## THE DATA
....

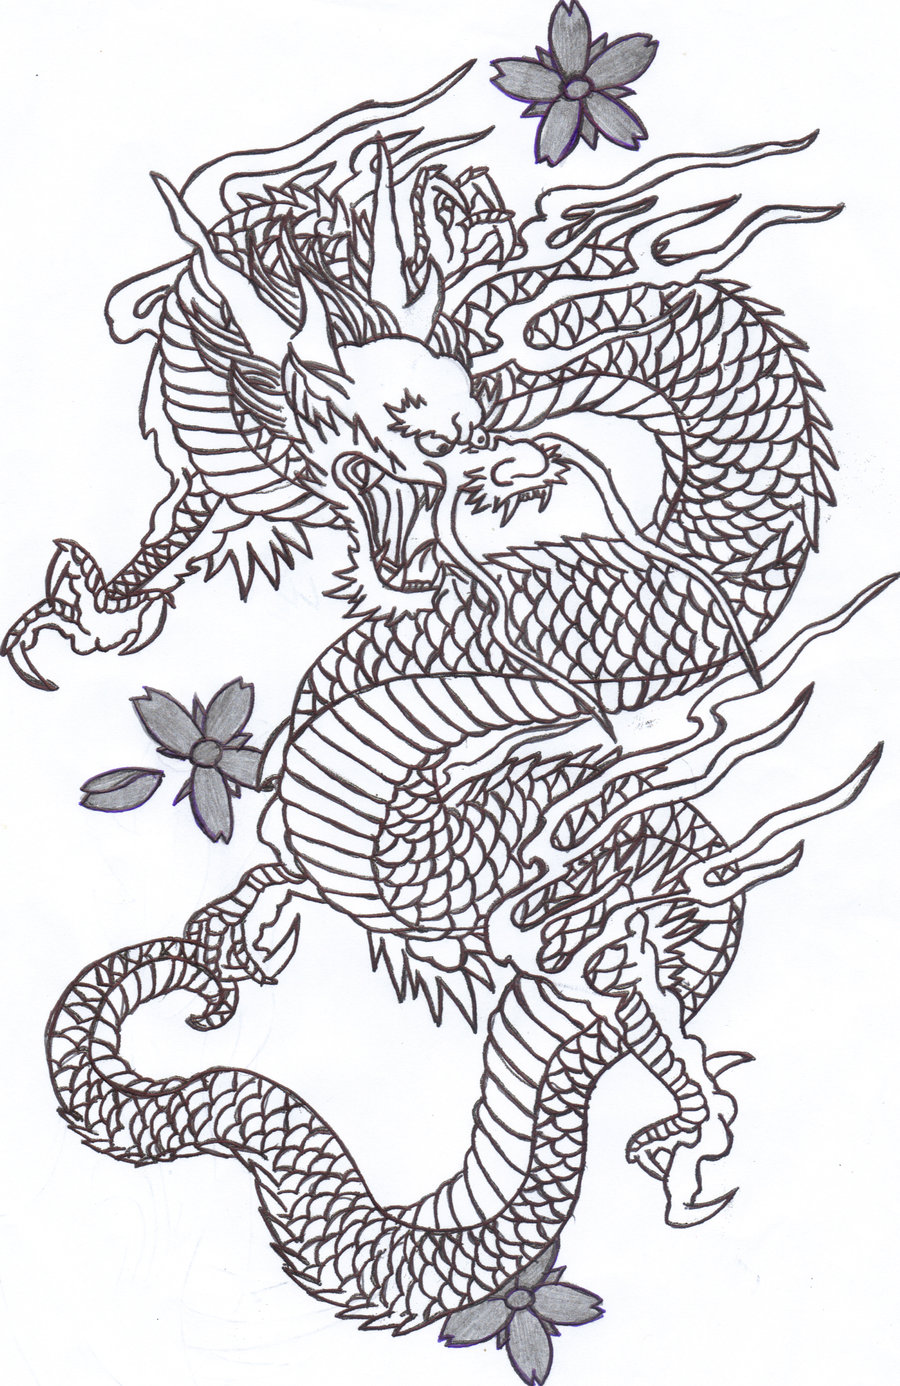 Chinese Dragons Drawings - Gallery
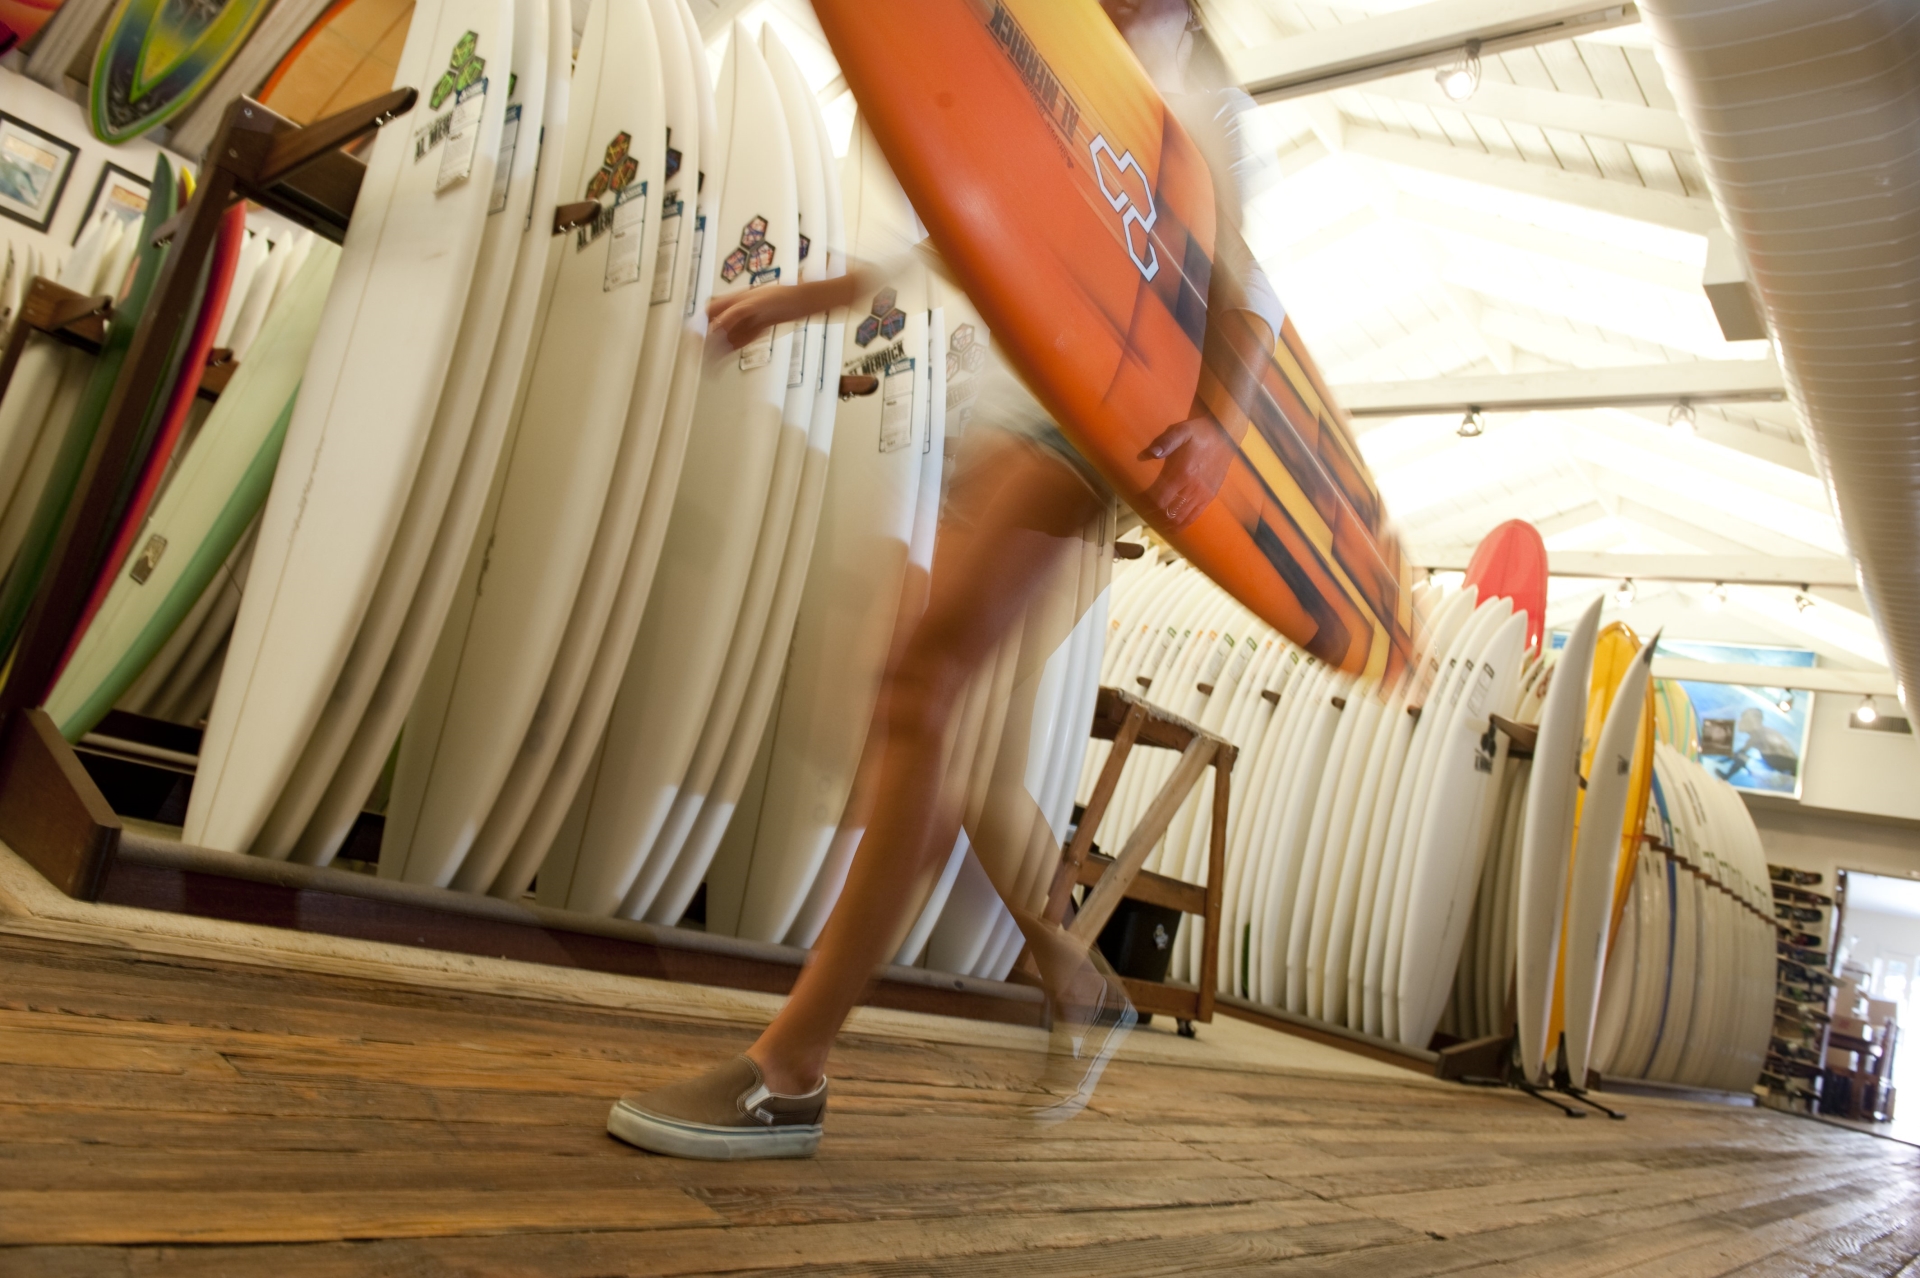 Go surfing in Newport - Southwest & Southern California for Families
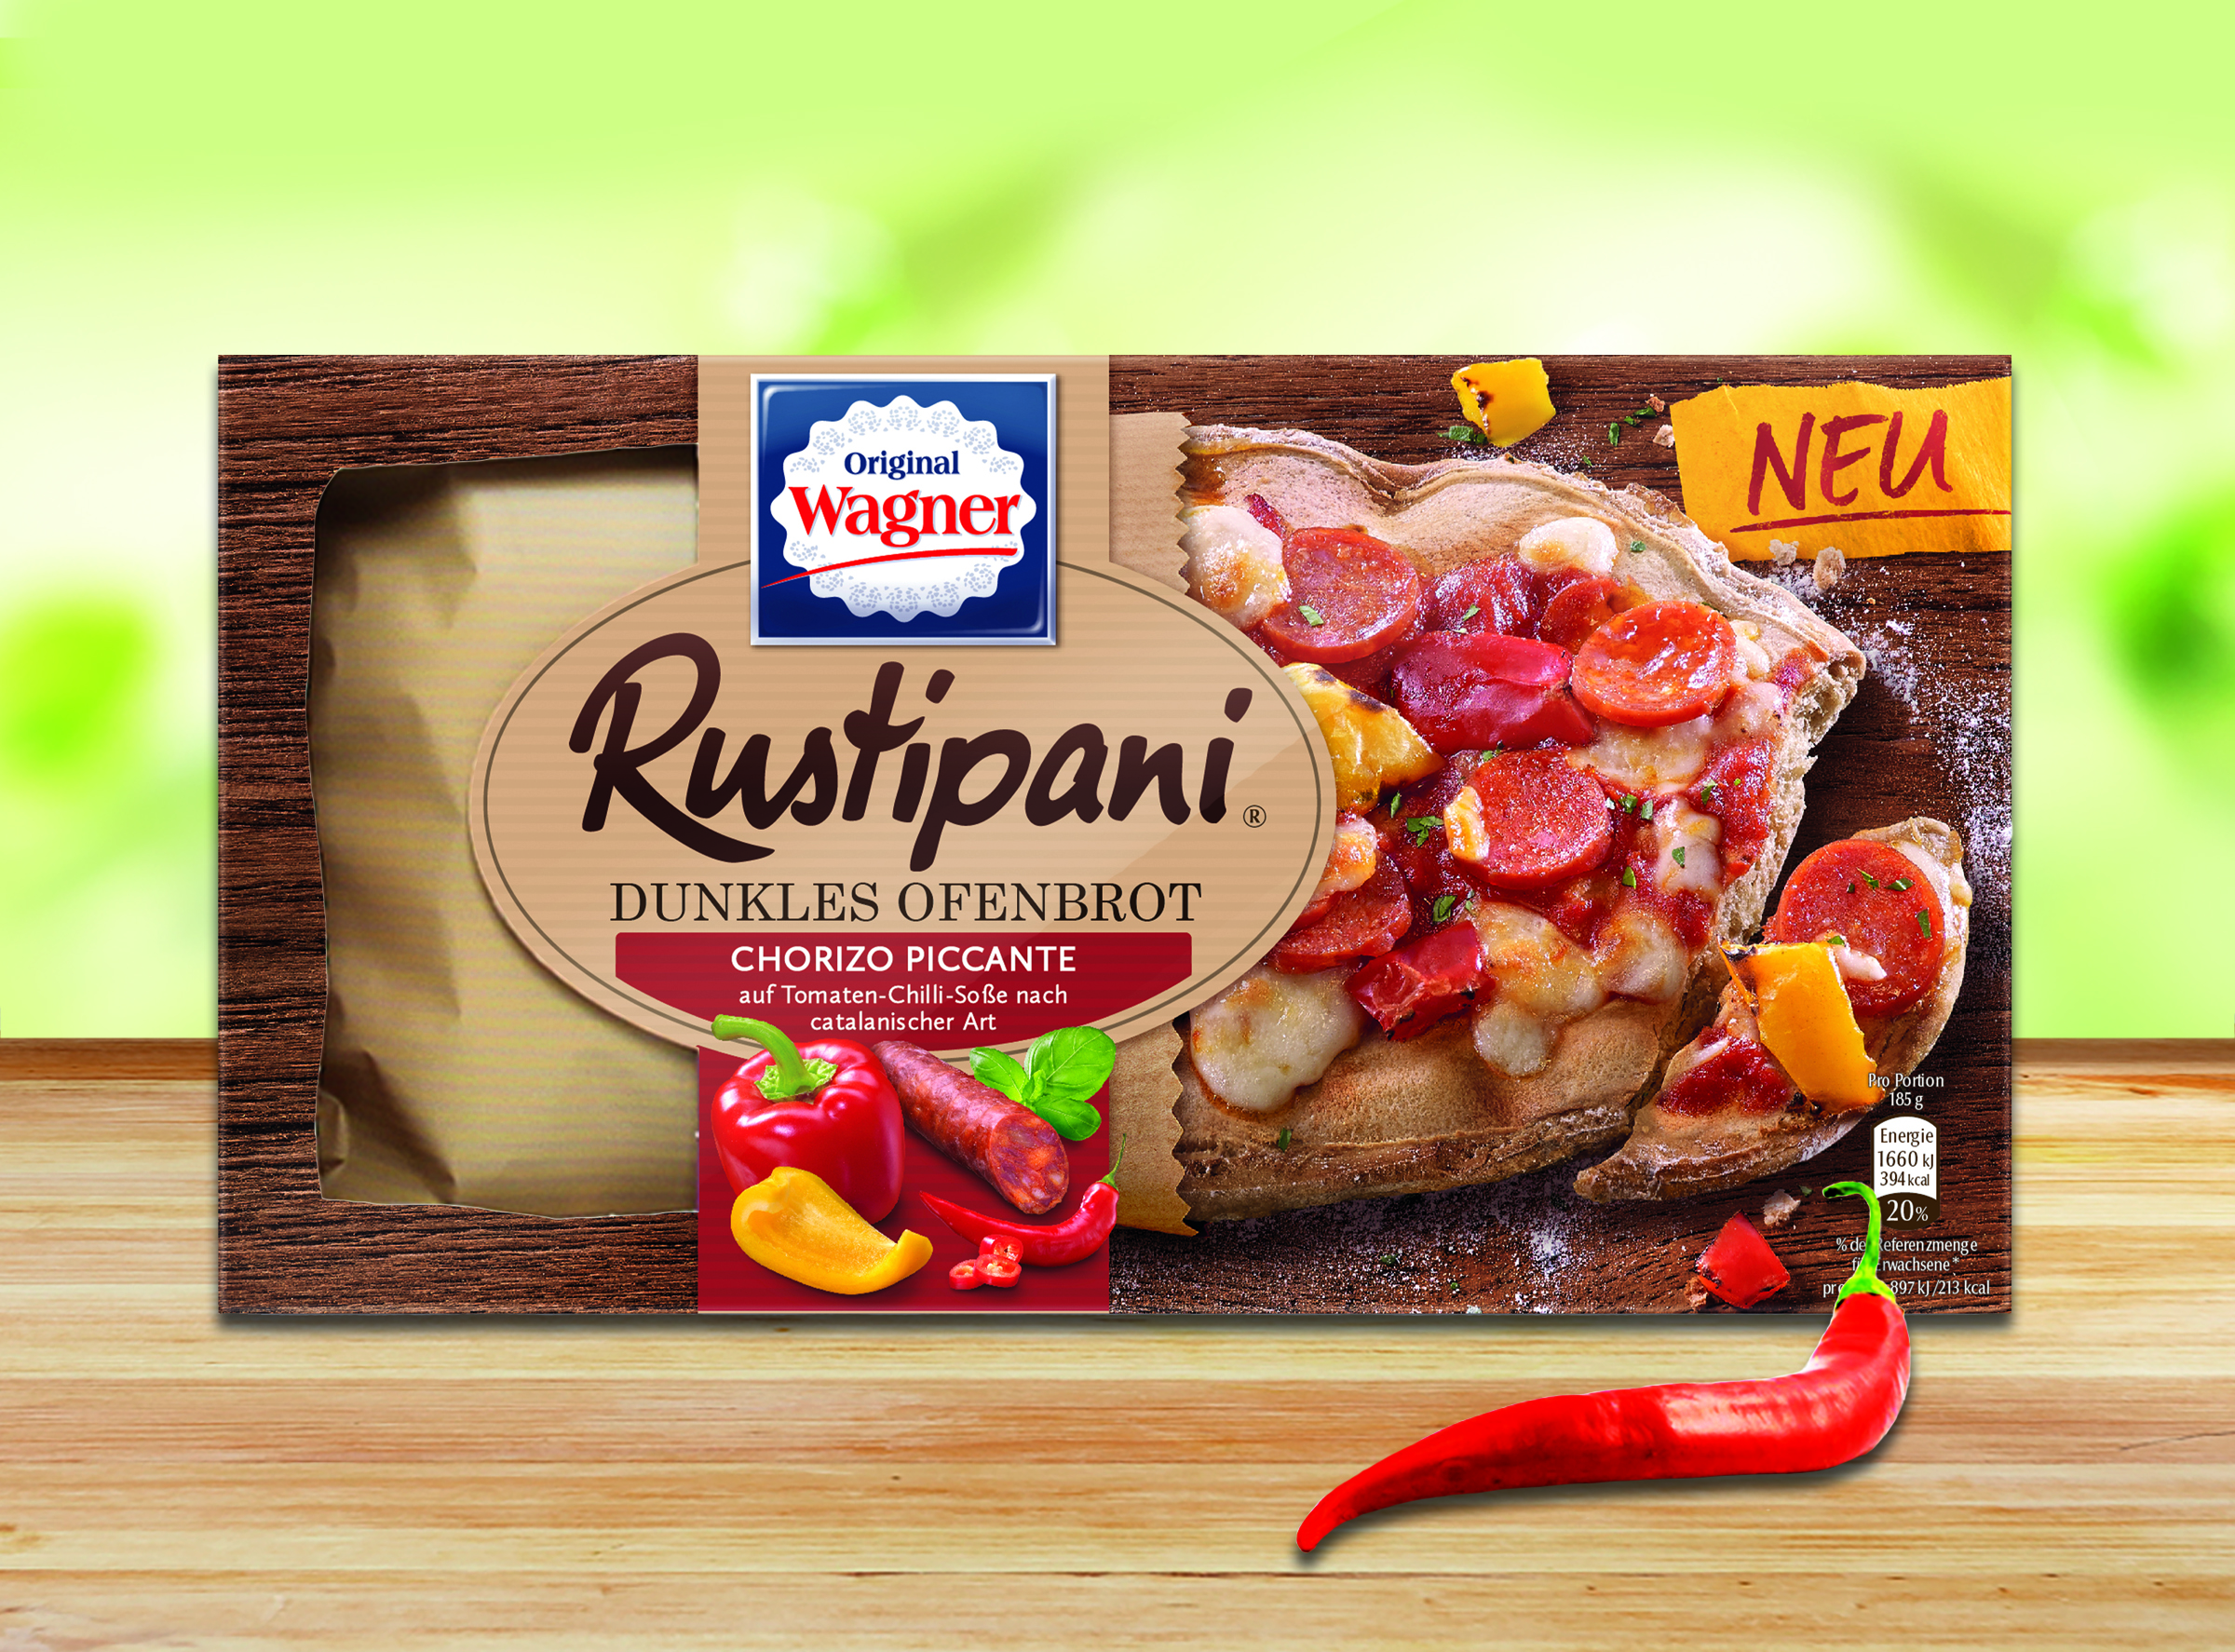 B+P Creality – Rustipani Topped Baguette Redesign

....

## PROBLEM STATEMENT
Skipping the images, write out the whole listing exactly.

## FINAL ANSWER
 Chinese Dragons Drawings - Gallery
 Go surfing in Newport - Southwest & Southern California for Families
 B+P Creality – Rustipani Topped Baguette Redesign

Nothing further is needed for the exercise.